=== Provided material ===
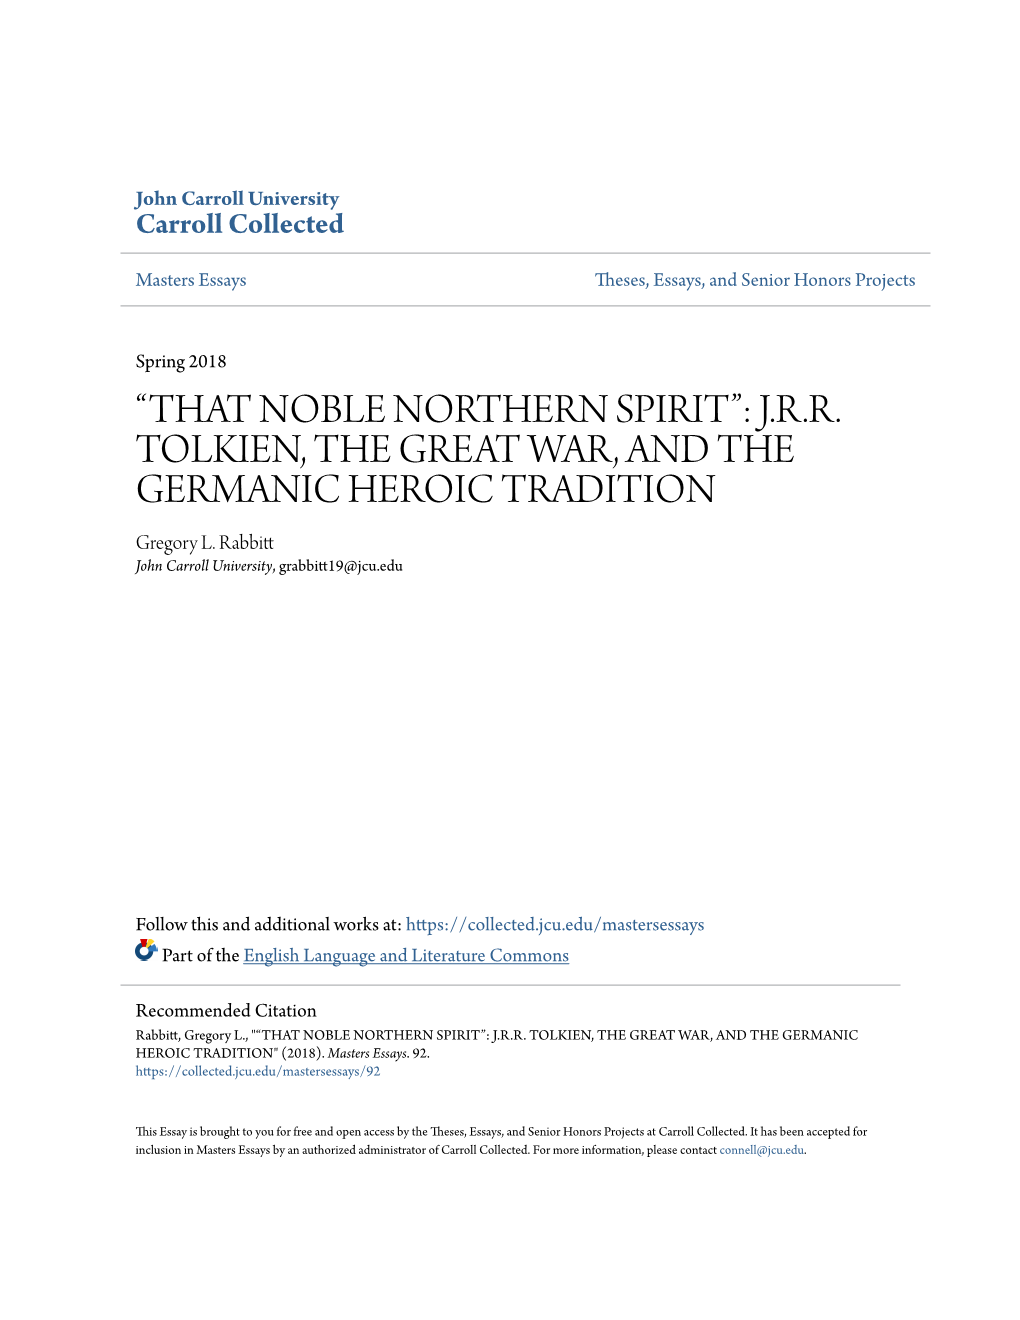 J.R.R. TOLKIEN, the GREAT WAR, and the GERMANIC HEROIC TRADITION Gregory L
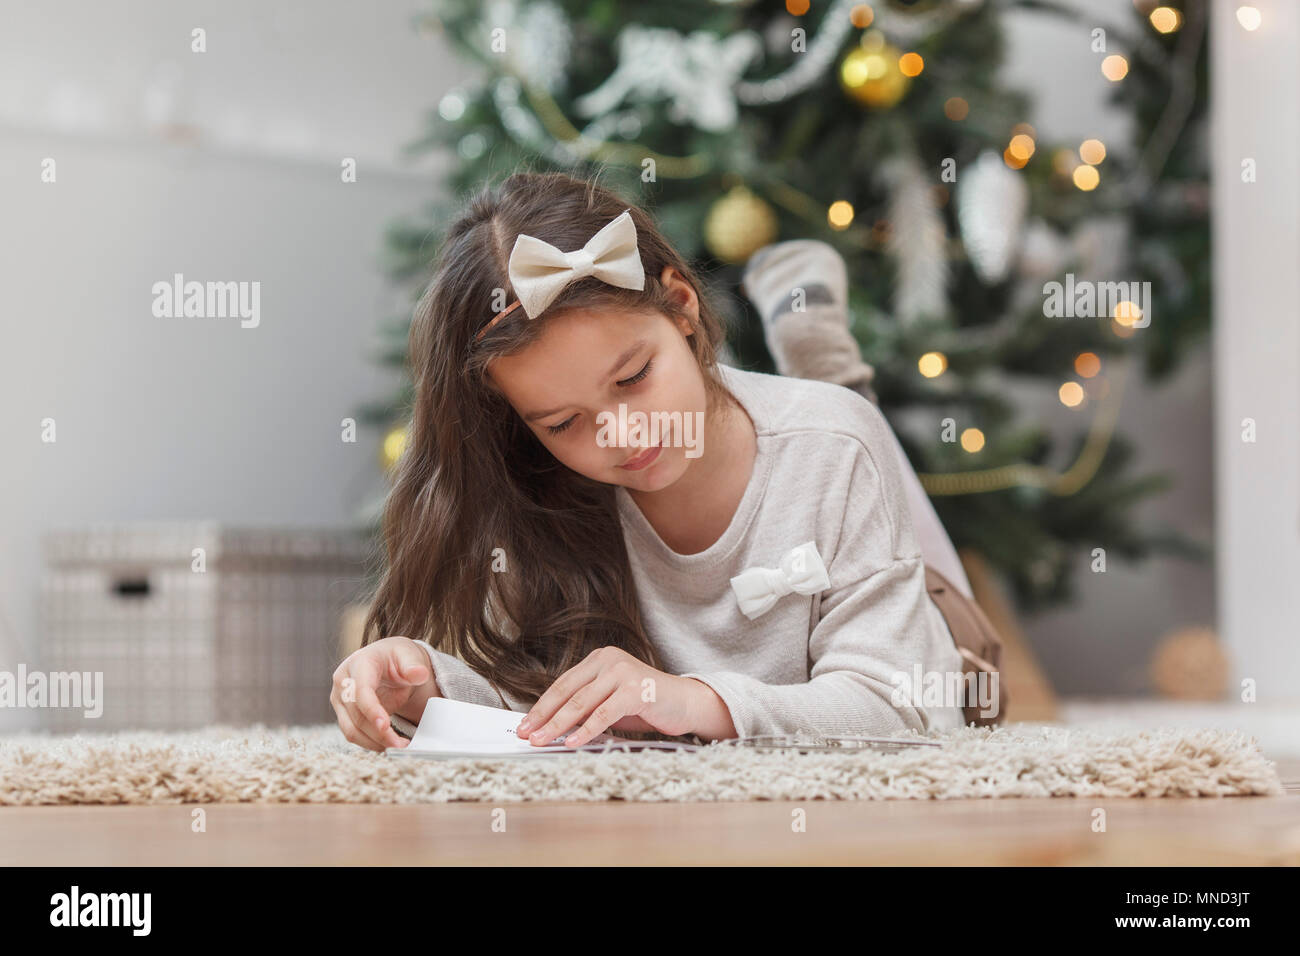 Girl lying on rug while reading book at home Stock Photo
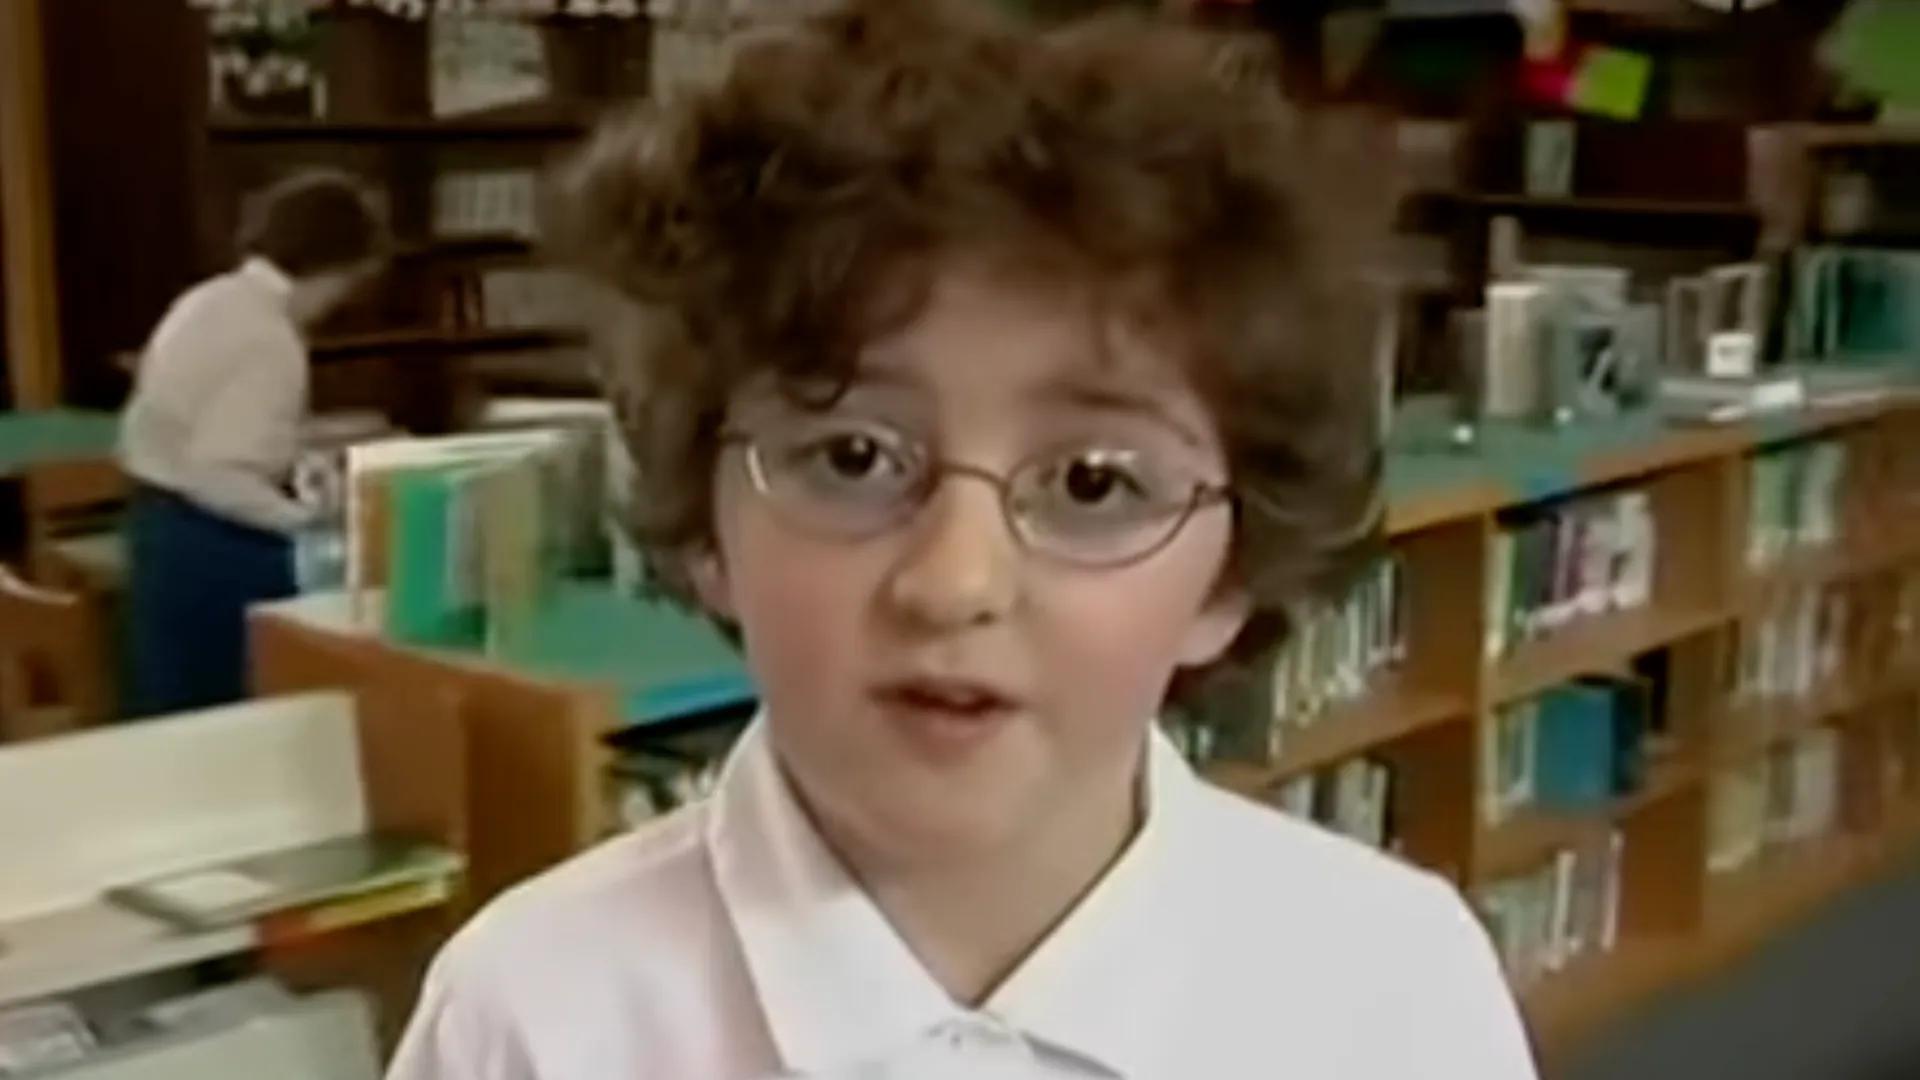 "Caroline" from a 2003 episode of "Arthur," believed to be a young Caroline Ellison. Image: YouTube
===
**Work task**
Print out all the material above exactly as it appears, omitting the images.

**Result**
 J.R.R. TOLKIEN, the GREAT WAR, and the GERMANIC HEROIC TRADITION Gregory L
 Girl lying on rug while reading book at home Stock Photo
 "Caroline" from a 2003 episode of "Arthur," believed to be a young Caroline Ellison. Image: YouTube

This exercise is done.